Transcribe the whole listing exactly; the images stay out.

--- DATASET EXCERPT ---

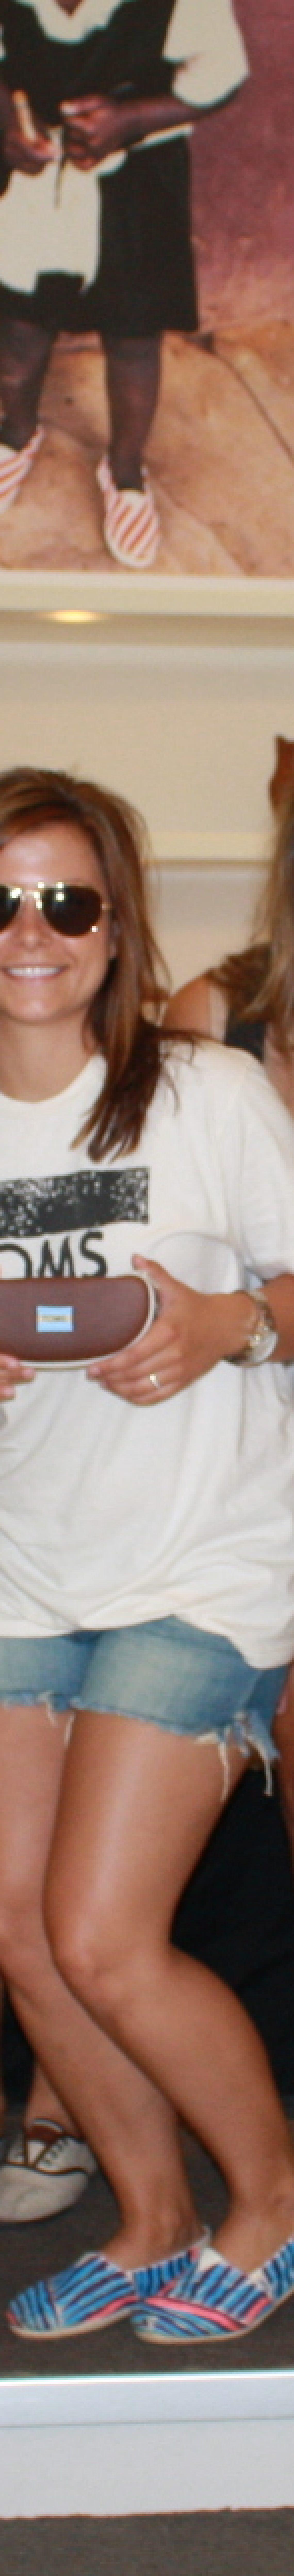 New TOMS Product at Masons
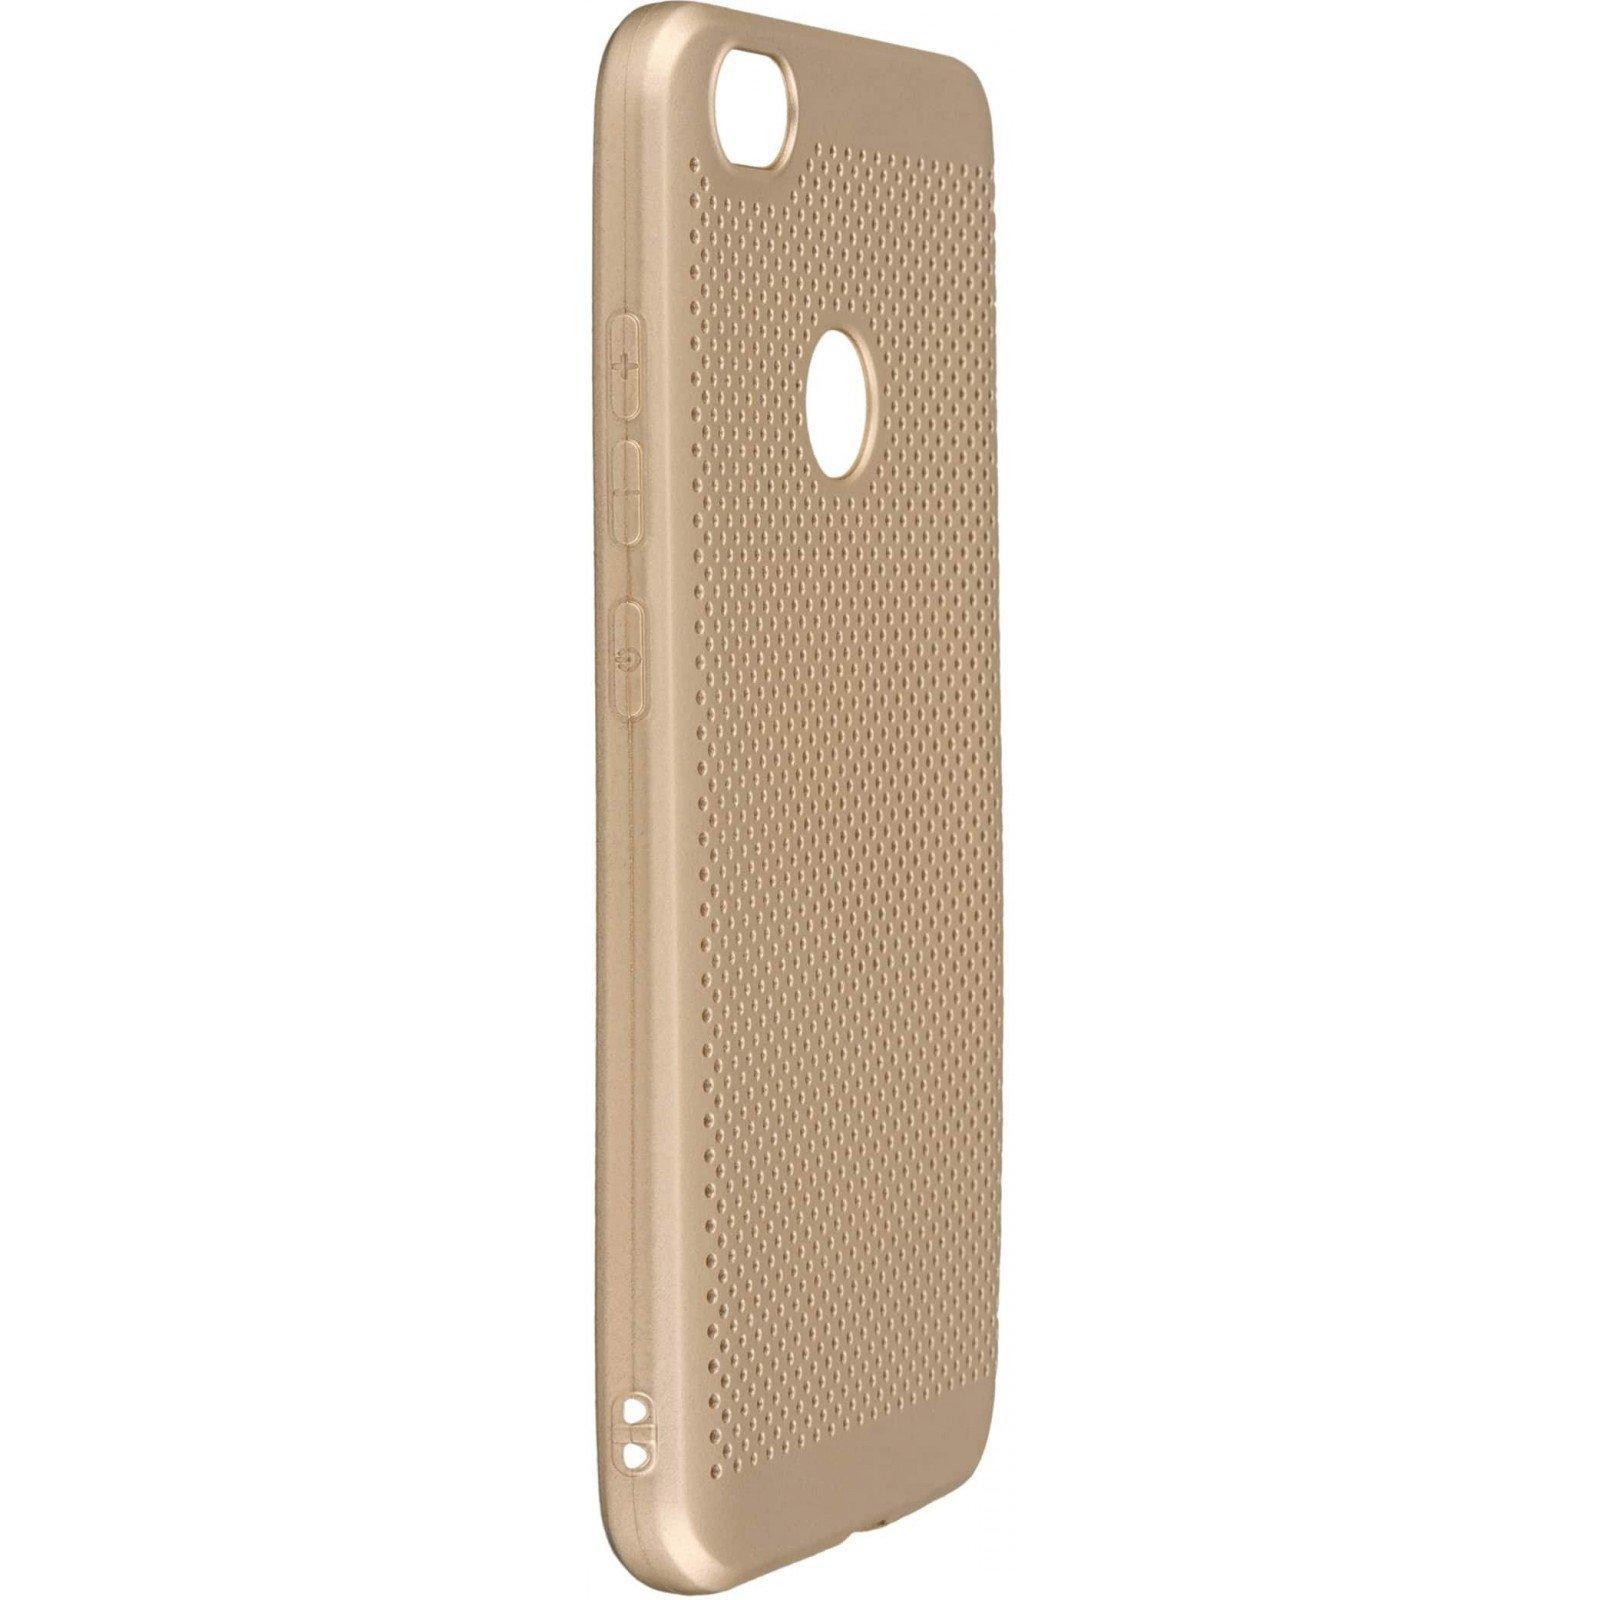 Чехол для моб. телефона MakeFuture TPU/Moon Case для Xiaomi Redmi Note 5A Prime Gold (MCM-XRN5APGD) изображение 5
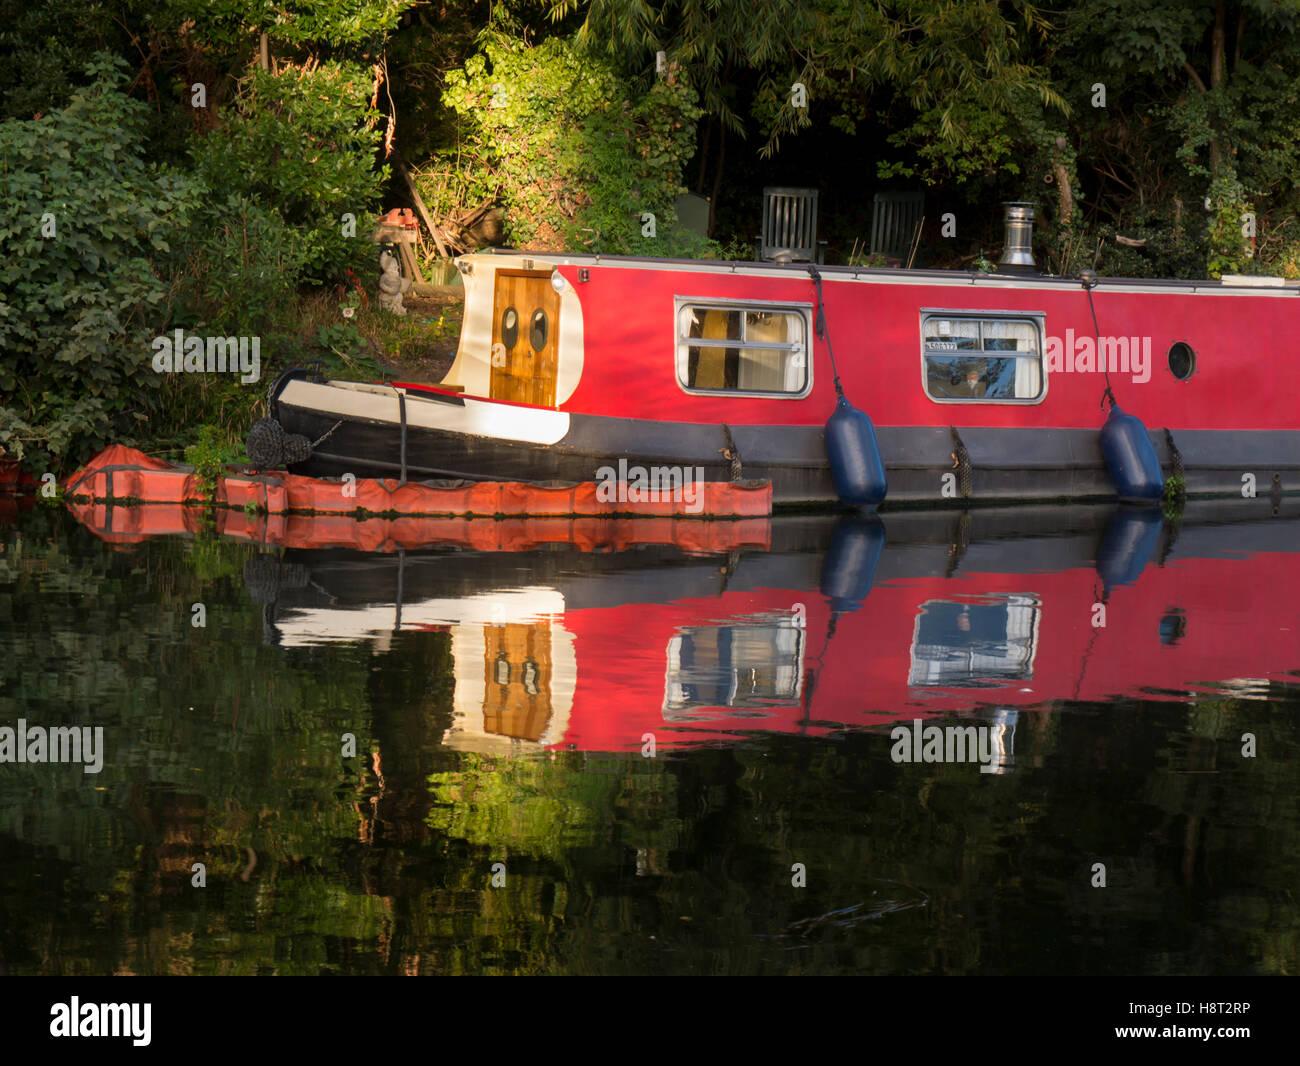 Europe, UK, England, London, Clapton, River Lea - Stock Image
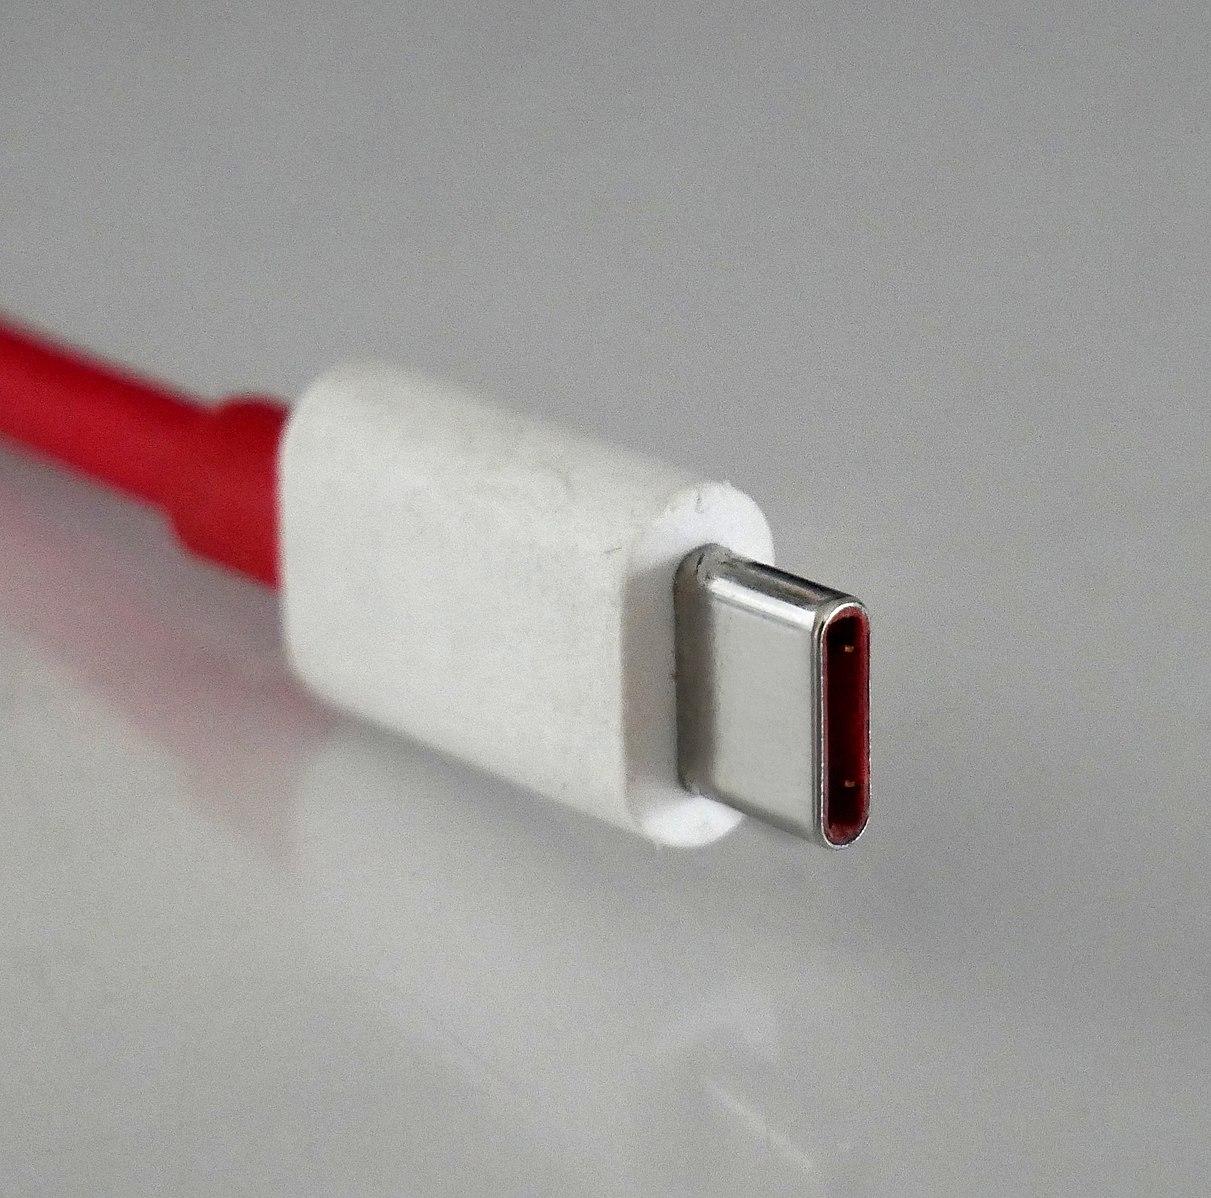 USB Type-C plug 20170626

---

WRITTEN RESPONSE:
 New TOMS Product at Masons
 Чехол для моб. телефона MakeFuture TPU/Moon Case для Xiaomi Redmi Note 5A Prime Gold (MCM-XRN5APGD) изображение 5
 Europe, UK, England, London, Clapton, River Lea - Stock Image
 USB Type-C plug 20170626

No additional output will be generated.